## [Data to use]
****************
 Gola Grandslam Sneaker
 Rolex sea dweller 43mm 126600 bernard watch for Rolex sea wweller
****************
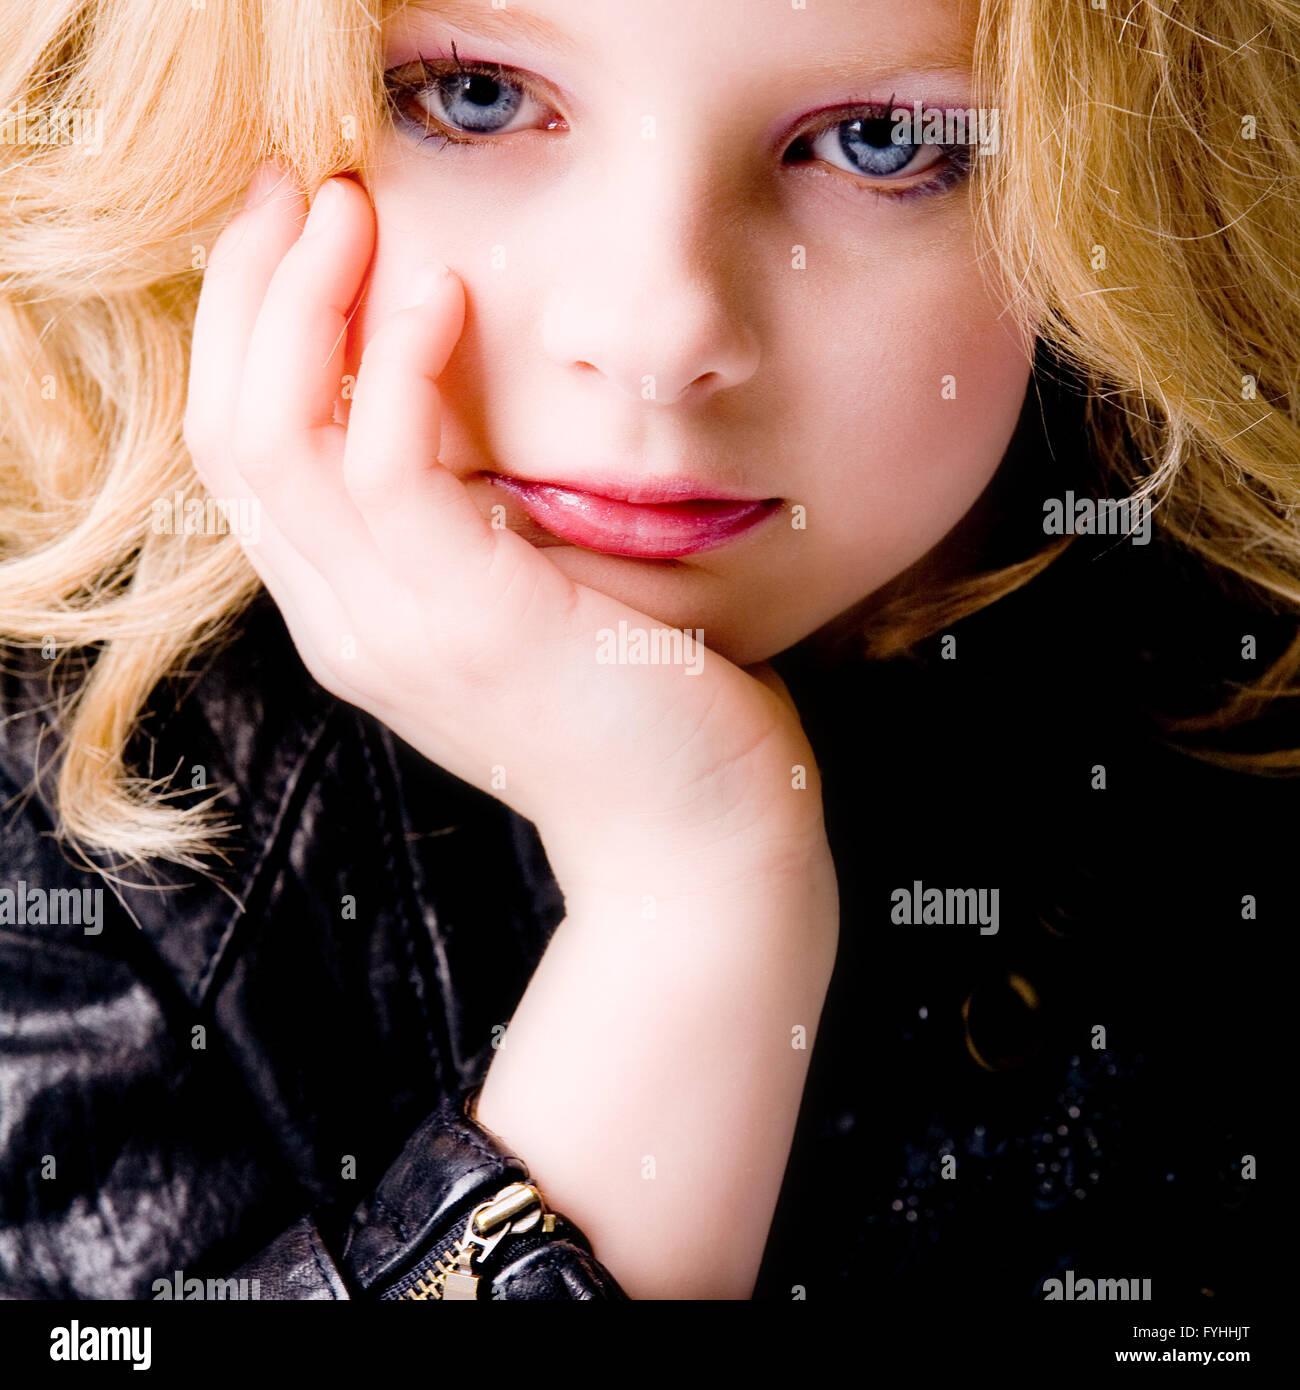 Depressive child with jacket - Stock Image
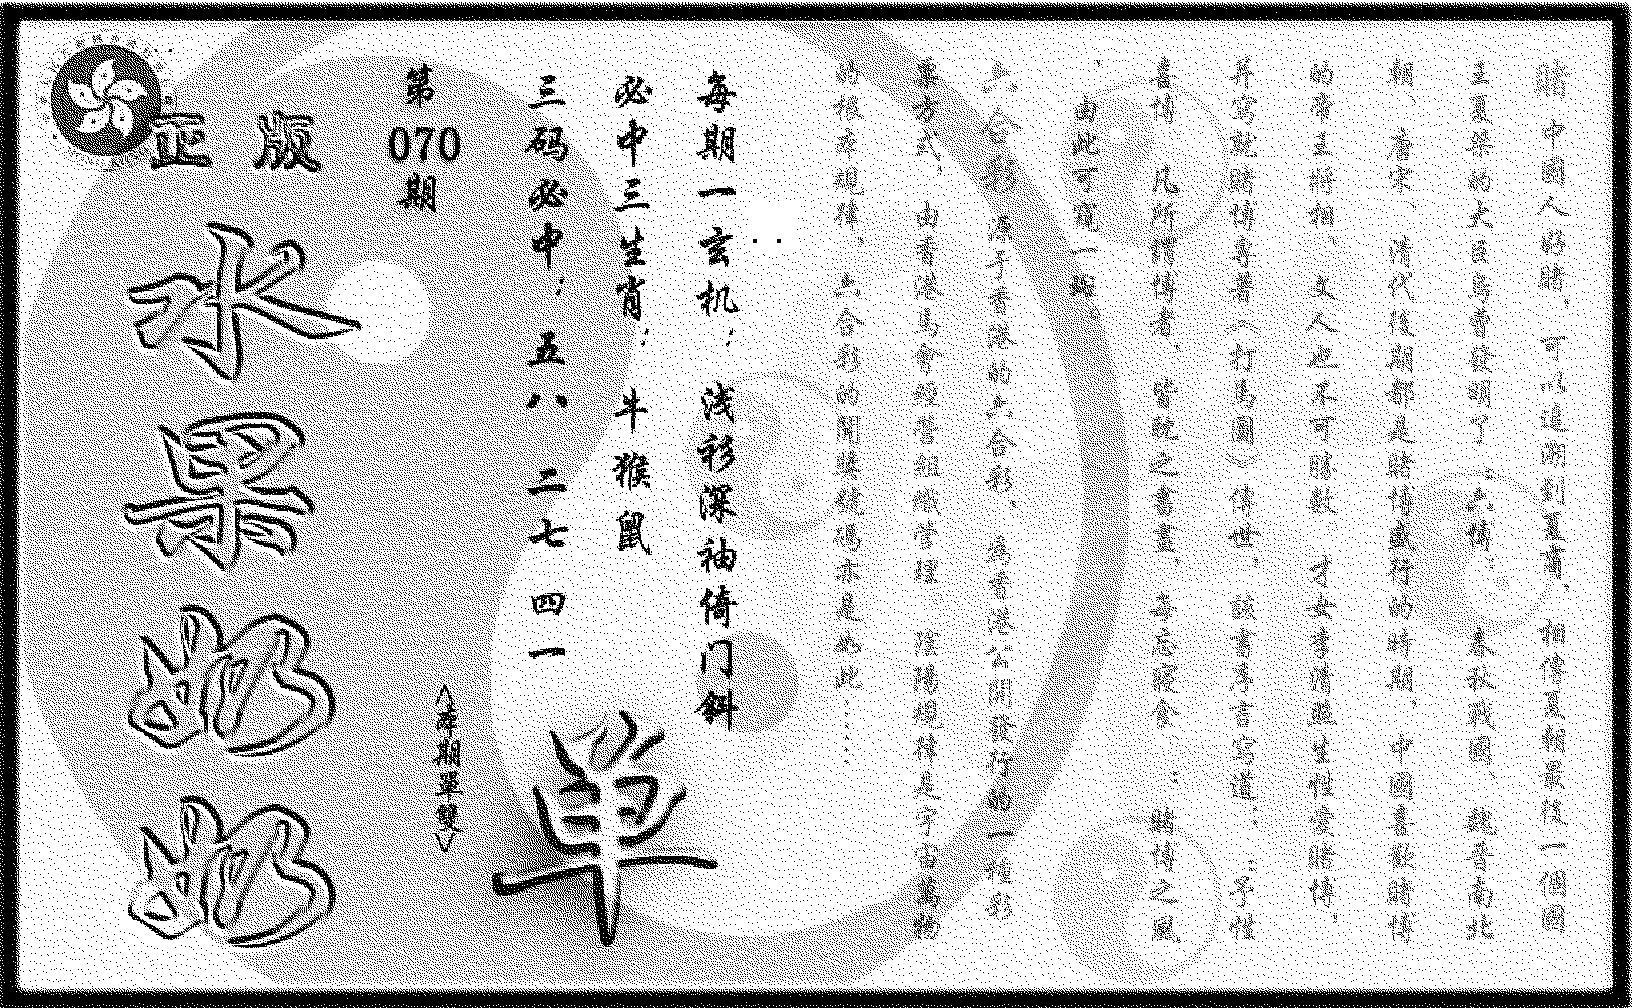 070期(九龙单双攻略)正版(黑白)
****************
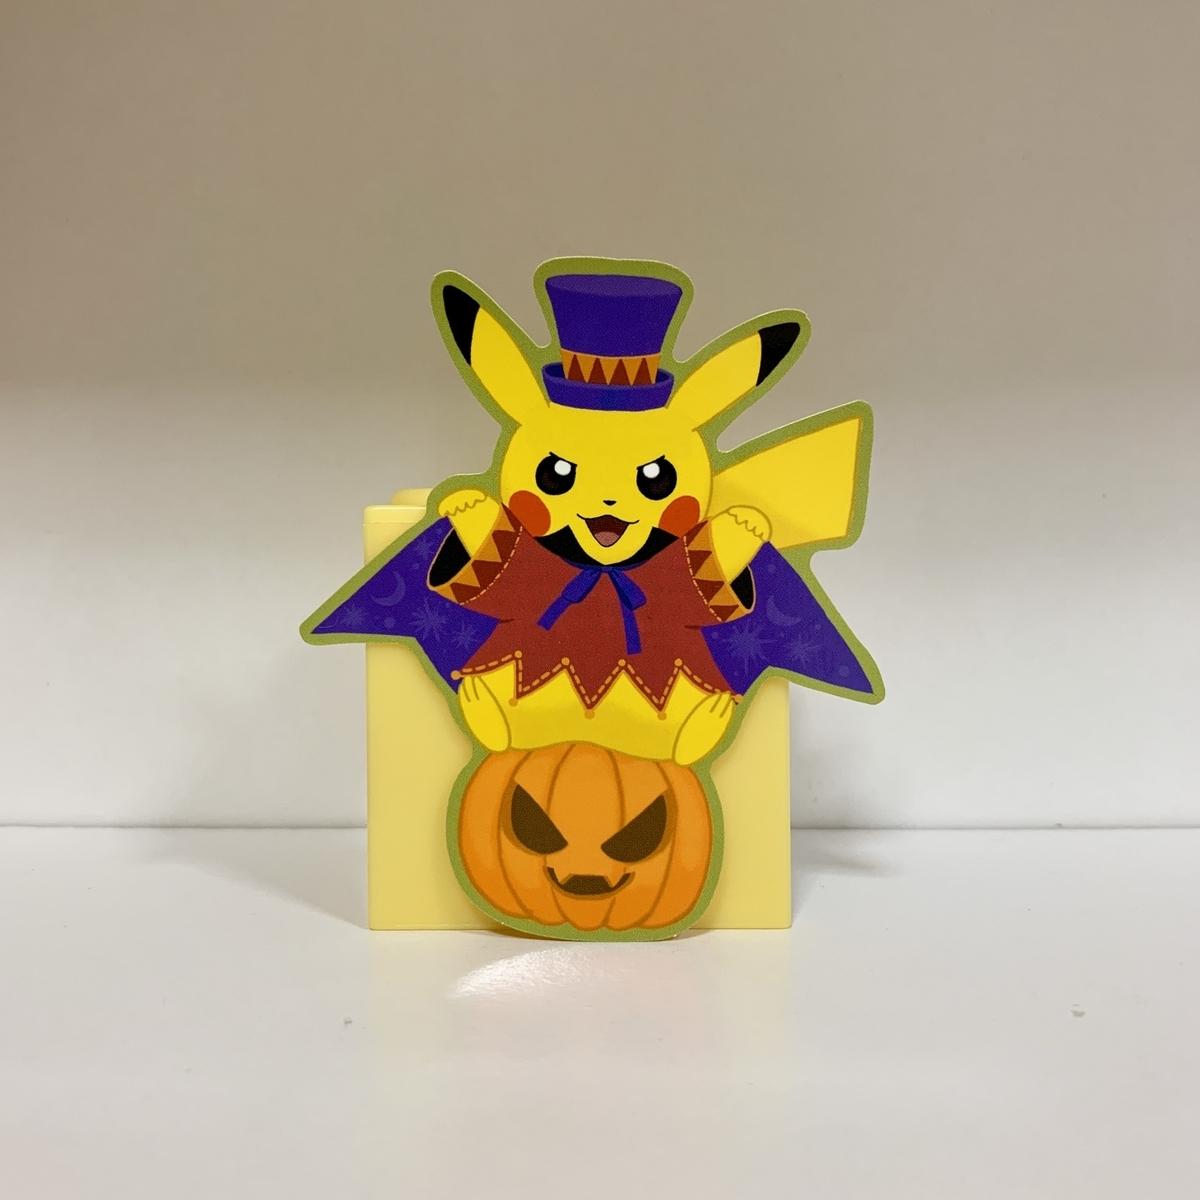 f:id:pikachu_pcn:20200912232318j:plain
****************
## [About this task]
Reproduce exactly the lines of the records above from the one with "Gola Grandslam Sneaker" to the one with "Rolex sea dweller", both included, and leave out everything else.

## [Answer space]
 Gola Grandslam Sneaker
 Rolex sea dweller 43mm 126600 bernard watch for Rolex sea wweller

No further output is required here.